[systemd-devel] Too little information is shown when system enters emergency mode

Tue Oct 23 08:09:10 PDT 2012

On Mon, 22.10.12 11:41, Zbigniew Jędrzejewski-Szmek (zbyszek at in.waw.pl) wrote:

> > Please note the version of systemd (v44) in openSUSE doesn't have all
> > the needed bits to always display on the screen why dependency failed
> > (and you end up in emergency mode). This is fixed with systemd 195 which
> > should land in Factory pretty soon.
> As an experiment, I tried the same (add '/dev/sda9 /mnt' to /etc/fstab)
> under v194-138-g20f59e4, i.e. very recent. After rebooting all I see is
> the emergency mode prompt.
> 
> Now the problem is that 'dev-sda9.device' is loaded & inactive(dead).
> This means that it doesn't show up in --failed. So 'systemctl' with
> various options doesn't show what failed in an easy to recognize way.
> 
> OTOH 'journalctl -b' is immensly useful:
> """<red>
> Timed out waiting for device dev-disk-by\x2duuid\x5cx2fdev\x5cx2fsda9.device.
> Dependency failed for /mnt.
> Dependency failed for Local File Systemds.
> ...
> </red>"""
> 
> This is great, and it would be really nice to expose it more. I guess that
> the first change would be to advertise 'journalctl -b' in the emergency
> mode intro.

I added this yesterday, it is included in 195.
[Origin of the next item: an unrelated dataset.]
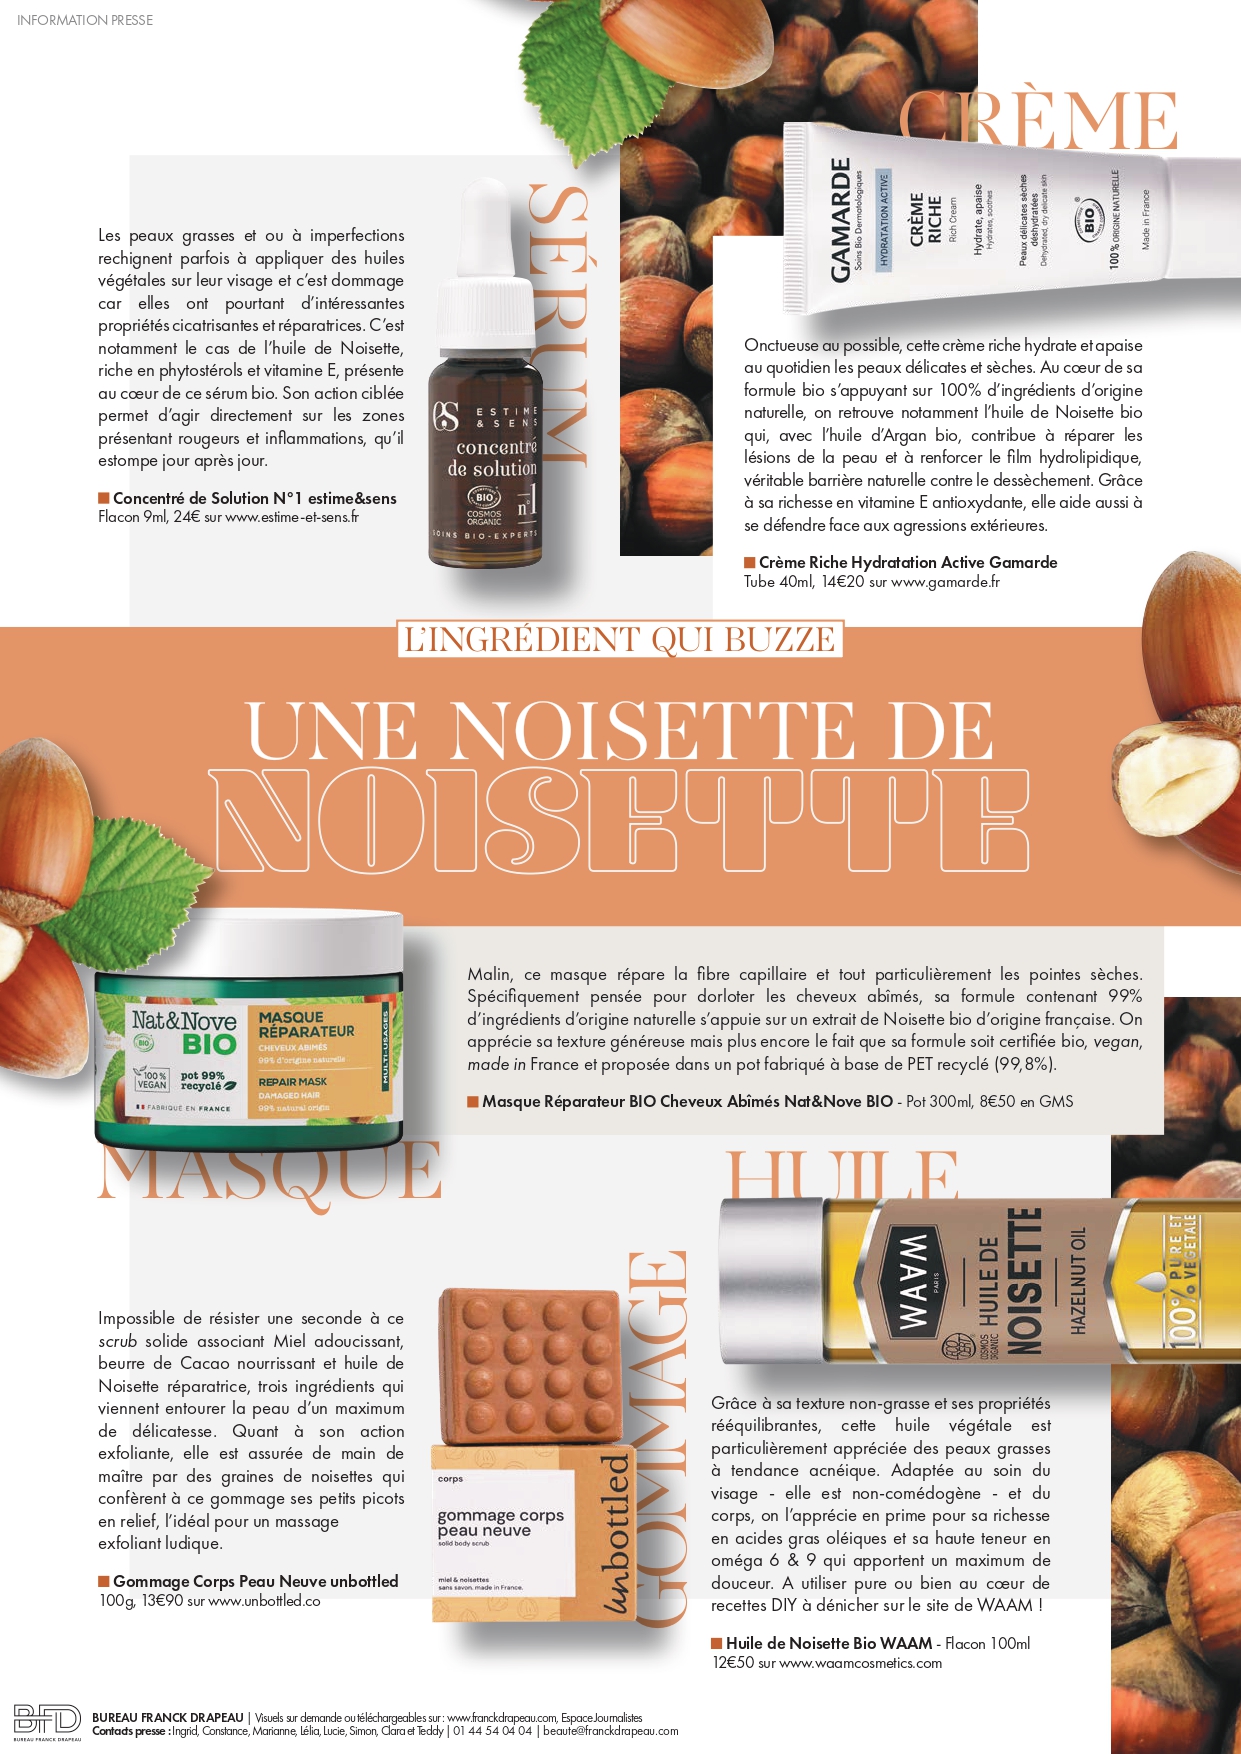 Newsletter | L’ingrédient qui buzze : la Noisette

> Would be nice to also un-eescape the device name: "Timed out waiting
> for device /dev/sda9" should be much more understandable for the
> non-systemd-knowledgable person than "Timed out waiting for device
> dev-disk-by\x2duuid\x5cx2fdev\x5cx2fsda9.device."

This is a cool idea. Adding the "inverse" of unit_name_mangle(), and
showing that if we have a failure on a unit with no sane description
string and sounds like an awesome idea (though we probably should show
the mangled name as well, dunno, might be useful for proficient folks).

The fix might actually be simple, we could transparently do this in
unit_description() on access.

Added this to the TODO list.

> But it would be best to provide a short status like:
> """
> systemd was trying to reach target 'default.target'
> (which points to 'Multi-User', multi-user.target), but failed,
> because device /dev/sda9 is missing (dev-disk-by\x2duuid\x5cx2fdev\x5cx2fsda9.device).
> in turn this caused '/mnt' mount to fail (mnt.mount),
> in turn this caused 'Local File Systems' target to fail (local-fs.target),
> ...
> in turn this caused 'Multi User' target to fail (multi-user.target).
> """

Uh, This is quite hard to do, since we don't track the reasons so
much. I wonder if a simple list of failure and failure-due-to-dep
wouldn't be sufficient, rather than prose here...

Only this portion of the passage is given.